Friday, December 5, 2014

Stock Performance in the Era of Shareholder Value: A response to Montier

This week James Montier of GMO released an interesting white paper that is a scathing critique of the idea of “shareholder value maximization” (SVM), the doctrine that corporate executives should focus above all else on maximizing returns for shareholders, and that they should be compensated with stock and/or options in order to give them proper incentives to do. He makes many points, but perhaps his central piece of evidence, what he terms the “prima facie case against SVM,” is that during the era of SVM returns to stockholders have been lower than in the previous period. He produces the following figure:

 The bars on the left show the annualized real (CPI adjusted) compound returns. Realized returns were very similar over the two eras. Montier then observes (correctly) that a significant portion of the returns in the second period are simply due to P/E multiple expansion, which “have nothing to do with the underlying return generation of companies, but rather reflect the price that the market is willing to put upon those returns.” That is, corporate executives shouldn't get credit just because stocks became more expensive overall---they should only get credit for dividends and earnings growth.

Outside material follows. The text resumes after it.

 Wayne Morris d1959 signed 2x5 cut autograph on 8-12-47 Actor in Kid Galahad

Montier attempts to adjust for valuation to recover “underlying performance”, producing the bars on the right of the figure.  He doesn't say exactly how he does this, but the most obvious way is to simply reduce the realized returns by a factor representing the growth in the Shiller CAPE between the beginning and the end of the period.[1] I used this method (and Robert Shiller’s data) to recreate Montier’s results, as shown in the first two rows of table 1. My results appear very close to the numbers from Montier’s figure. After the adjustment, performance in the SVM era looks much worse than in the previous era.

But this is where I believe Montier made a mistake: valuations don’t just matter at the beginning and end of the period, they matter in the middle too, because they determine the price at which dividends are reinvested. A big factor raising compound returns in the earlier era was that dividends could be reinvested at the much lower average valuations that existed over this era. A big factor lowering returns in the later era was that dividends were reinvested at much higher average valuations, (including those around the internet bubble).

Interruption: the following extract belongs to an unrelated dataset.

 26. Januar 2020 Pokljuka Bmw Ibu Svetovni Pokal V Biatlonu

If executives don’t deserve credit for a change in valuation between the beginning and end of the period, then they also don’t deserve credit (or blame) for the path of valuations during the period.

A better way to remove the valuation element would be to see what returns would have been if valuation had been constant over the entire period. I calculated the returns for the two eras, using earnings and dividends in each quarter as given, but assuming index prices changed such that the CAPE maintained a constant value of 18, (the average over the entire period). The result is shown in the third row of the table.

Table 1
Era of Managerialism
1940 Q1 – 1989 Q4
Era of SVM
1990 Q1 – 2014 Q3
Realized Return (annualized compounded, dividends reinvested)
Return corrected for starting and ending valuation
Return corrected for valuation over entire period (CAPE=18)

Using this method reverses the conclusion: now, “underlying performance” in the era of shareholder value maximization actually looks somewhat better than in the Era of Managerialism.

One may wonder why multiples were so low in the last couple of decades of the earlier era? It may have something to do with the fact that, adjusted for inflation, index earnings showed virtually no growth over the latter half of this era, despite substantial retained earnings. While "underlying performance" was good in the 1940s and 1950s, it was particularly poor over the last couple of decades of the Era of Managerialism.

The following figure shows 5-year moving averages of index earnings, and earnings retained (after dividends, not accounting for repurchases), measured in 2010 dollars.

Whatever corporations were doing with their substantial retained earnings in these middle decades, it didn't translate into any per-share real earnings growth, and this didn't change until right around the time the SVM era started. There may be many possible reasons for this, but one factor might be that, before SVM, managers had little incentive not to waste money in empire building or other unprofitable projects, rather than simply returning cash to shareholders. Another possibility might be that in the era before stock buybacks (another thing widely disliked by critics of shareholder value), managers who were reluctant to raise dividends too quickly found it difficult to return cash to shareholders even when they had few attractive investment opportunities. 

This is far from an open and shut case, and there are many other criticisms and issues that could be examined. But based on the "underlying performance" of dividends and earnings, it appears that the shareholder value movement, far from being the “world’s dumbest idea,” has actually been fairly successful.

[1] In this counterfactual case, on the last day of 2014 Q3, the S&P500 suddenly falls from its value of 1972 down to 1335, thus returning the CAPE from 26.2 all the way down to the level of 17.6 that it had at the end of 1989. This knocks about 1.7% off the SVM era returns, as shown in the second row of table 1. A similar adjustment is done for the earlier era, but it makes much less difference since the CAPE was close to the same at the beginning and end of the period.